■ YOUR INSTRUCTIONS
Print the data below exactly, but only the lines from the one containing "red stop light" down to the one containing "Kleider Sless' 'tacoma", inclusive.

■ WORKING DATA
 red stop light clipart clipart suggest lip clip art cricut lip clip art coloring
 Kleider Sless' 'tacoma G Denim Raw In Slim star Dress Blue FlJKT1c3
...
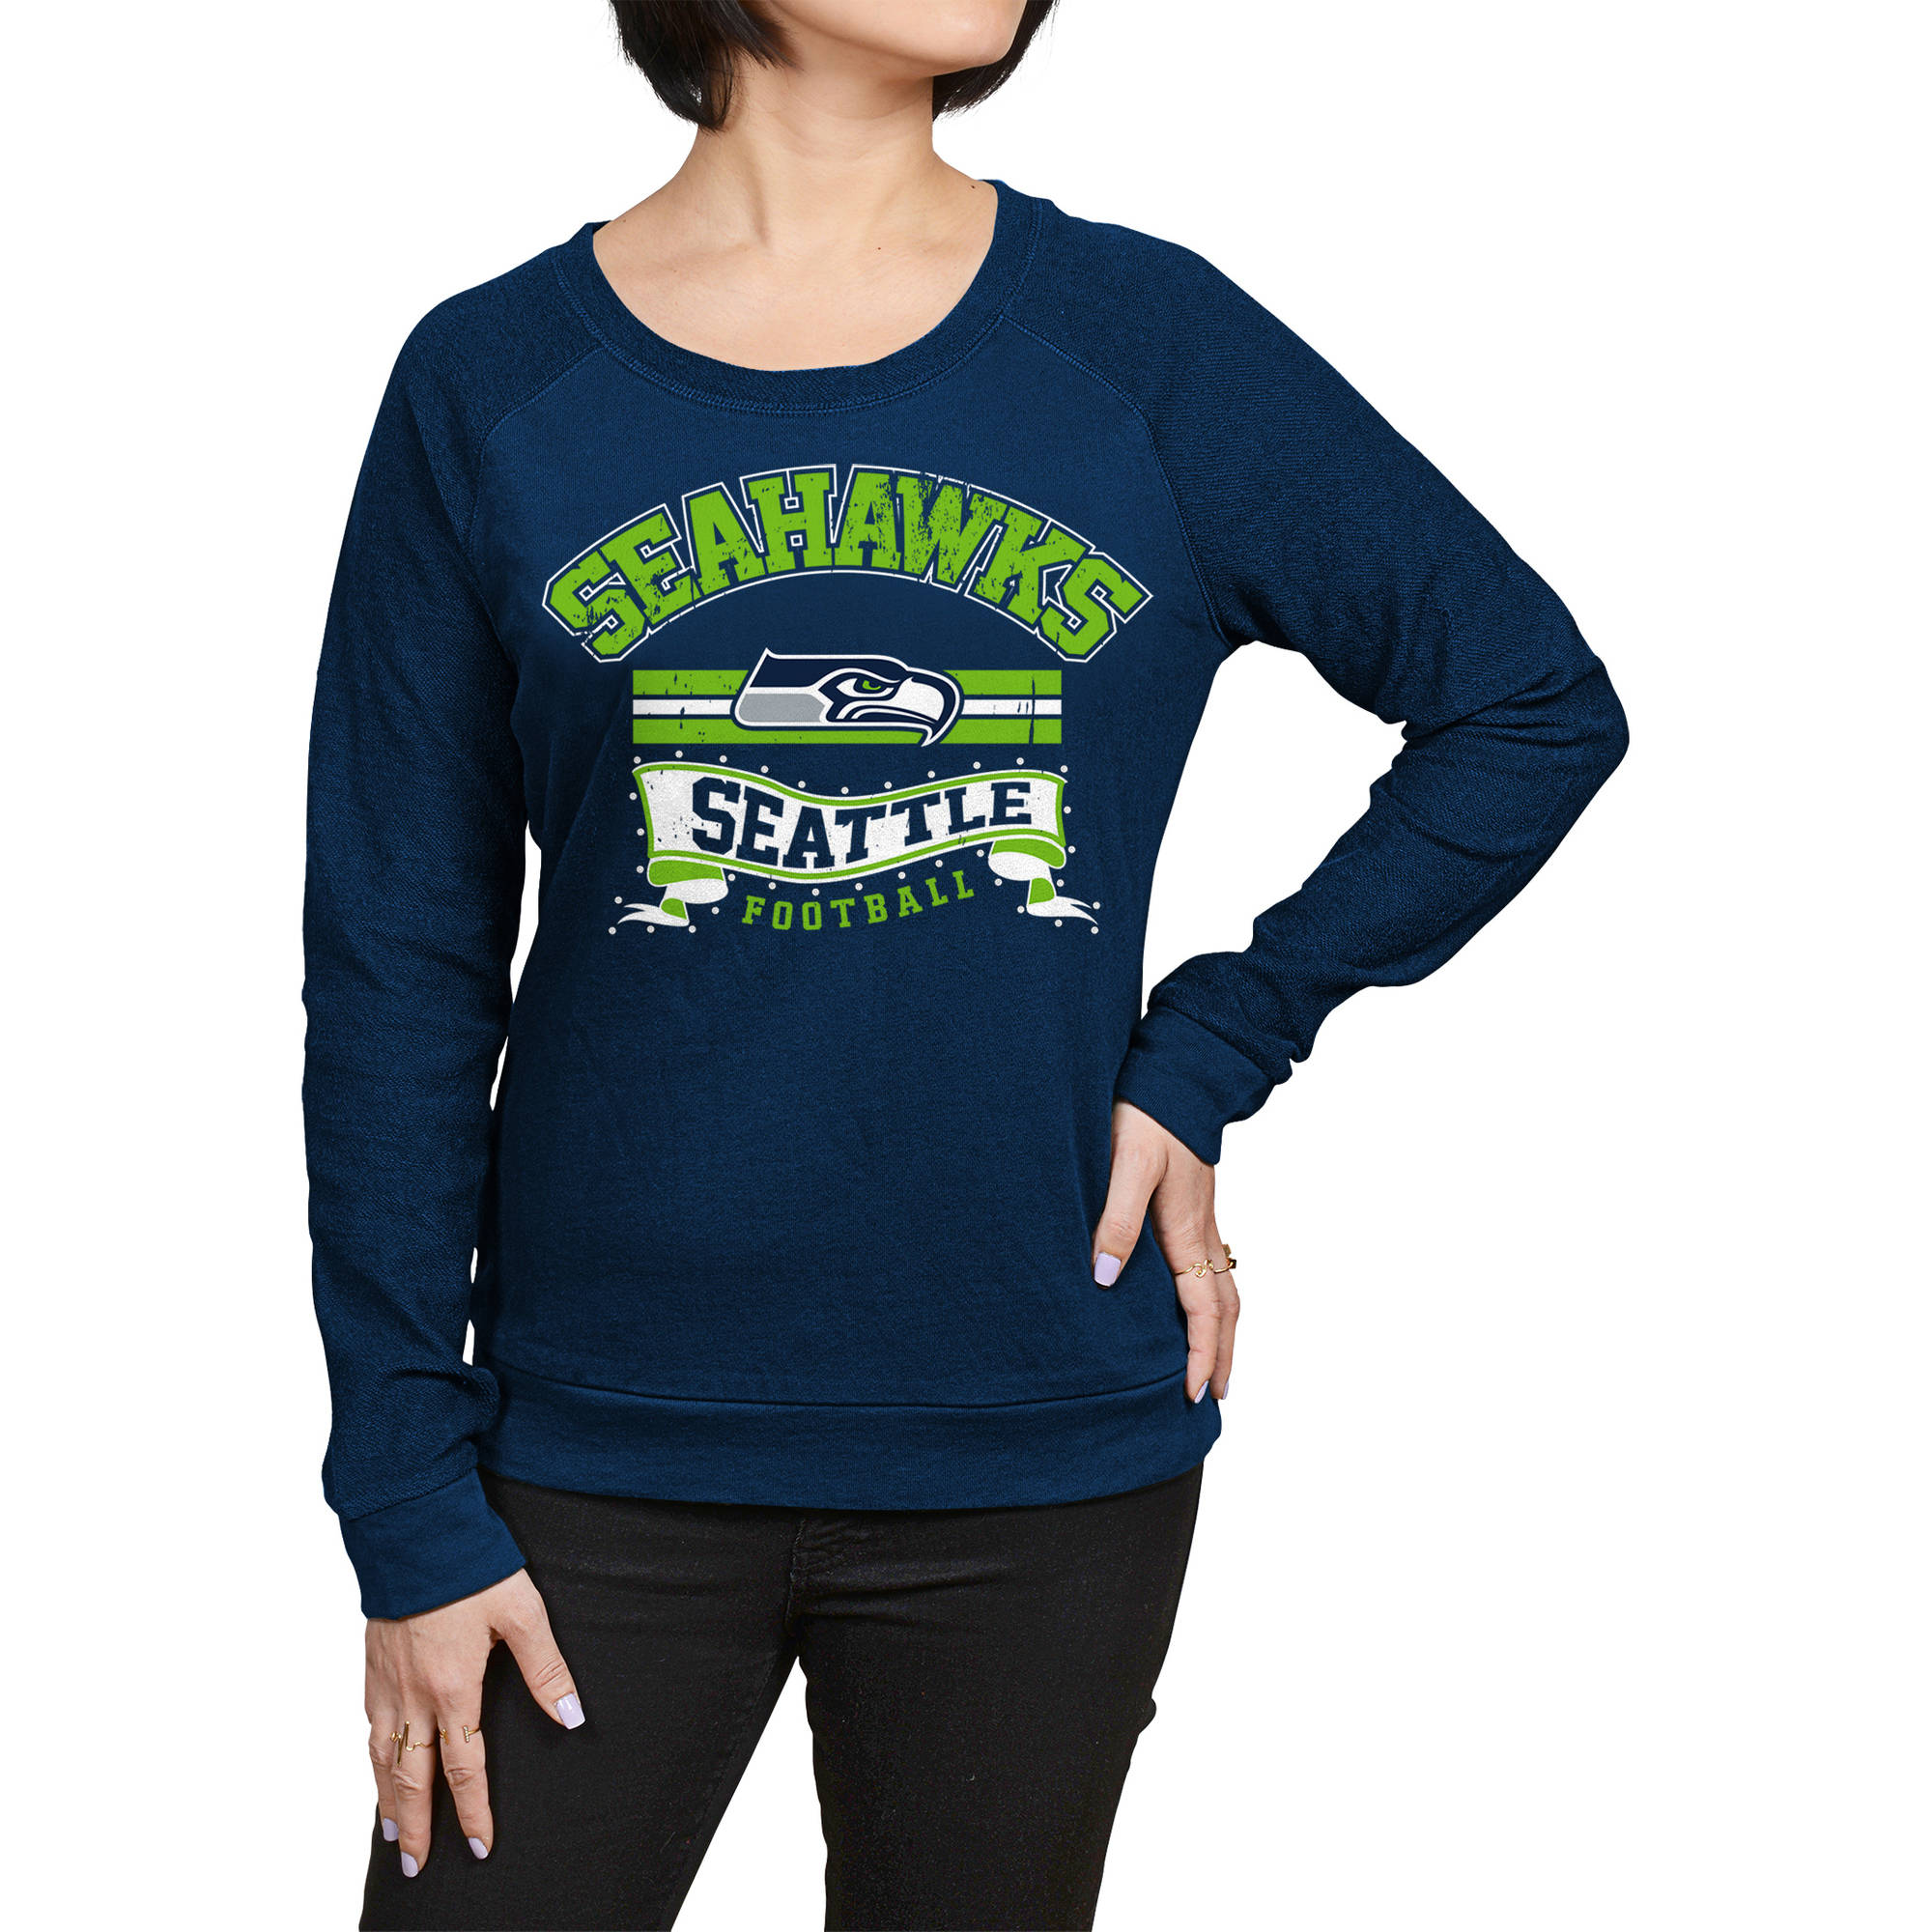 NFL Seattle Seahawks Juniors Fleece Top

■ WRITTEN SOLUTION
 red stop light clipart clipart suggest lip clip art cricut lip clip art coloring
 Kleider Sless' 'tacoma G Denim Raw In Slim star Dress Blue FlJKT1c3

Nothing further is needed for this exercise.